Nuclear-armed nations hiked spending on atomic weapons arsenals by one-third in the past five years as they modernized their stockpiles amid growing geopolitical tensions, two reports showed yesterday.
The world’s nine nuclear-armed states jointly spent US$91 billion on their arsenals last year, according to a new report from the International Campaign to Abolish Nuclear Weapons (ICAN).
That report, and a separate one from the Stockholm International Peace Research Institute (SIPRI), indicated that nuclear weapons states are dramatically scaling up spending as they modernize and even deploy new nuclear-armed weapons.
Photo: Staff Sergeant J.T. Armstrong / US Air Force via AP
“I think it is fair to say there is a nuclear arms race under way,” ICAN executive director Melissa Parke said.
Wilfred Wan, head of SIPRI’s weapons of mass destruction program, warned in a statement that “we have not seen nuclear weapons playing such a prominent role in international relations since the Cold War.”
SIPRI’s report showed that the total estimated number of nuclear warheads in the world actually declined to 12,121 at the start of this year, from 12,512 a year earlier, but while some of that included older warheads scheduled to be dismantled, it said 9,585 were in stockpiles for potential use — nine more than a year earlier — while 2,100 were kept in a state of “high operational alert” on ballistic missiles.
Nearly all of those were held by the US and Russia, but China was for the first time believed to also have some warheads on high operational alert, SIPRI said.
“While the global total of nuclear warheads continues to fall as Cold War-era weapons are gradually dismantled, regrettably we continue to see year-on-year increases in the number of operational nuclear warheads,” SIPRI director Dan Smith said.
The spending surge reported by ICAN appeared to back that up.
The report showed that last year alone, nuclear weapons spending worldwide jumped by US$10.8 billion from a year earlier, with the US accounting for 80 percent of that increase.
The US share of total spending, US$51.5 billion, “is more than all the other nuclear-armed countries put together,” ICAN said.

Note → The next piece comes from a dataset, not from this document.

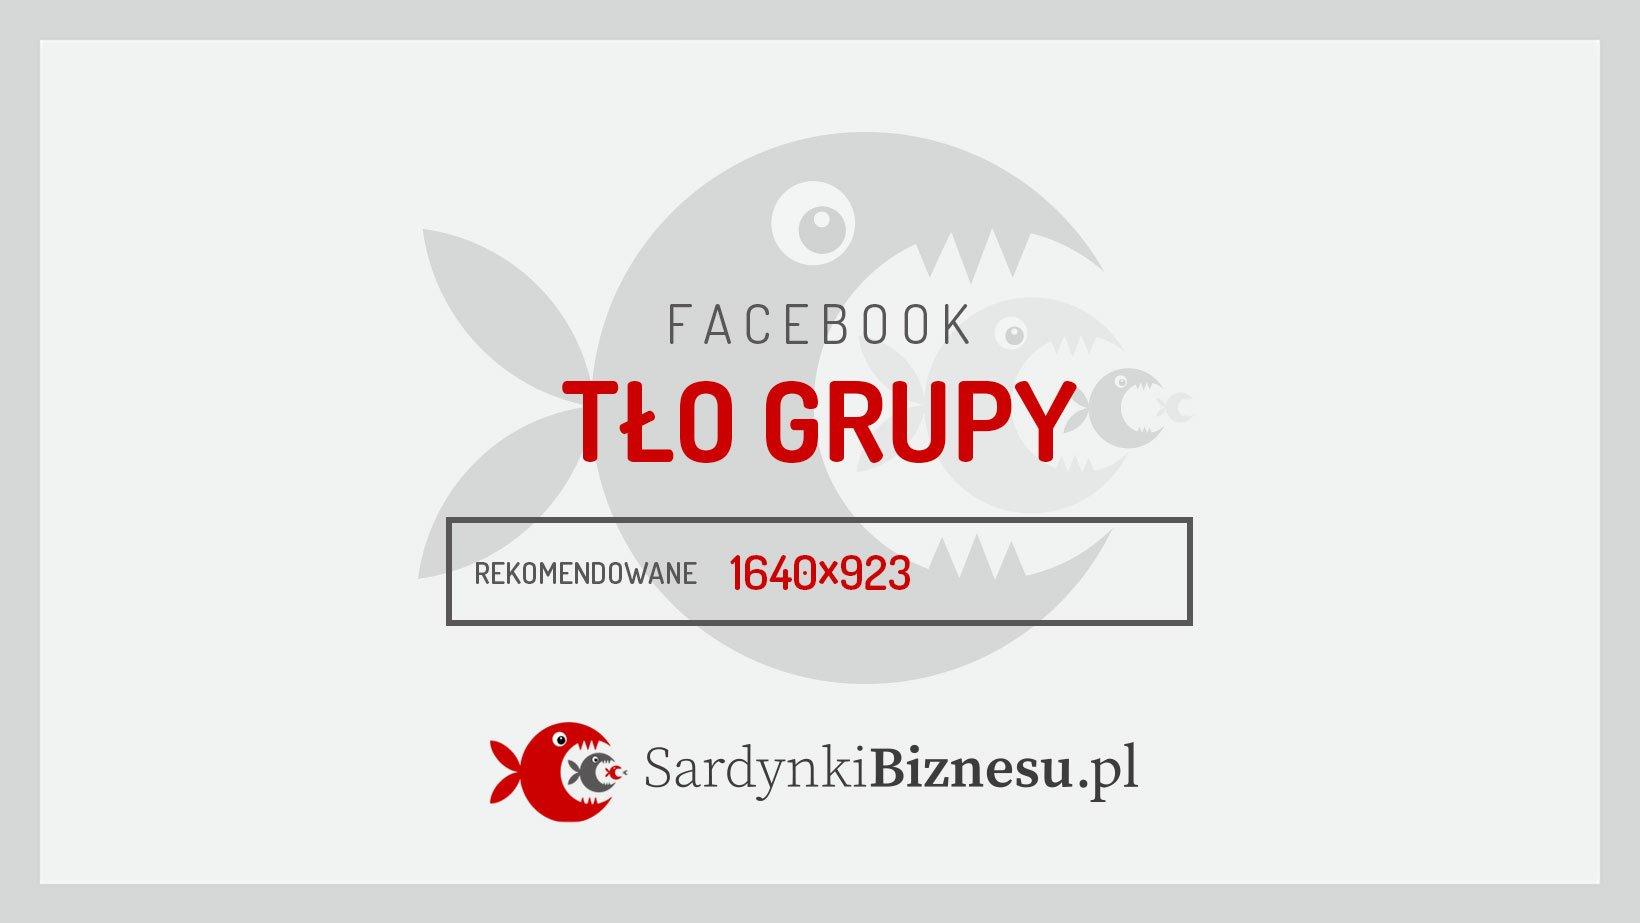 Rekomendowany wymiar grafiki tła grupy na Facebooku.
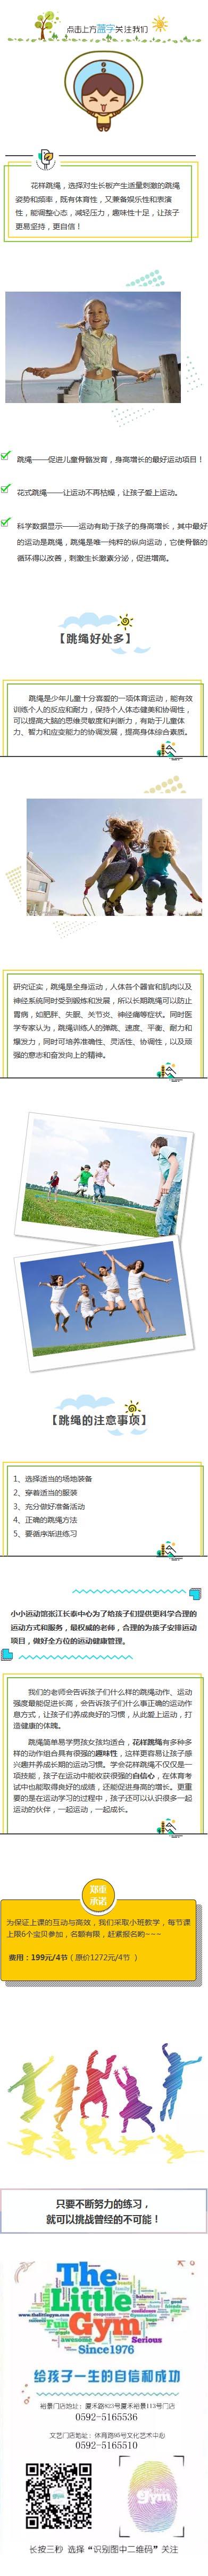 花样跳绳盛运动学校校园风格多彩活泼

The next biggest spender was China, at US$11.8 billion, followed by Russia, spending US$8.3 billion.
The UK’s spending rose significantly for the second consecutive year, swelling 17 percent to US$8.1 billion.
Spending last year by nuclear-armed states — which also include France, India, Israel, Pakistan and North Korea — jumped more than 33 percent from the US$68.2 billion spent in 2018, when ICAN first began collecting, it said.
Since then, nuclear-armed states have spent an estimated US$387 billion on the deadly weapons, the report showed.
Parke slammed “the billions of dollars being squandered on nuclear weapons” as “a profound and unacceptable misallocation of public funds.”
She highlighted that that money was more than what the World Food Programme estimates is needed to end world hunger.
“And you could plant a million trees for every minute of nuclear weapons spending,” she said.
“These numbers are obscene, and it is money that the state says is going towards weapons that... will never be used,” she said, pointing to the nuclear deterrence doctrine.
The investments are not only wasteful, but also extremely dangerous, she added.
Geneva, Switzerland-based ICAN won the 2017 Nobel Peace Prize for its key role in drafting the Treaty on the Prohibition of Nuclear Weapons, which took effect in 2021.
Seventy nations have ratified it to date and more have signed it, although none of the nuclear-armed states have come on board.
“Instead of investing in Armageddon, the nine nuclear-armed states should follow the example of almost half the world’s countries and join the treaty ... and make a real contribution to global security,” said Alicia Sanders-Zakre, a coauthor of the ICAN report.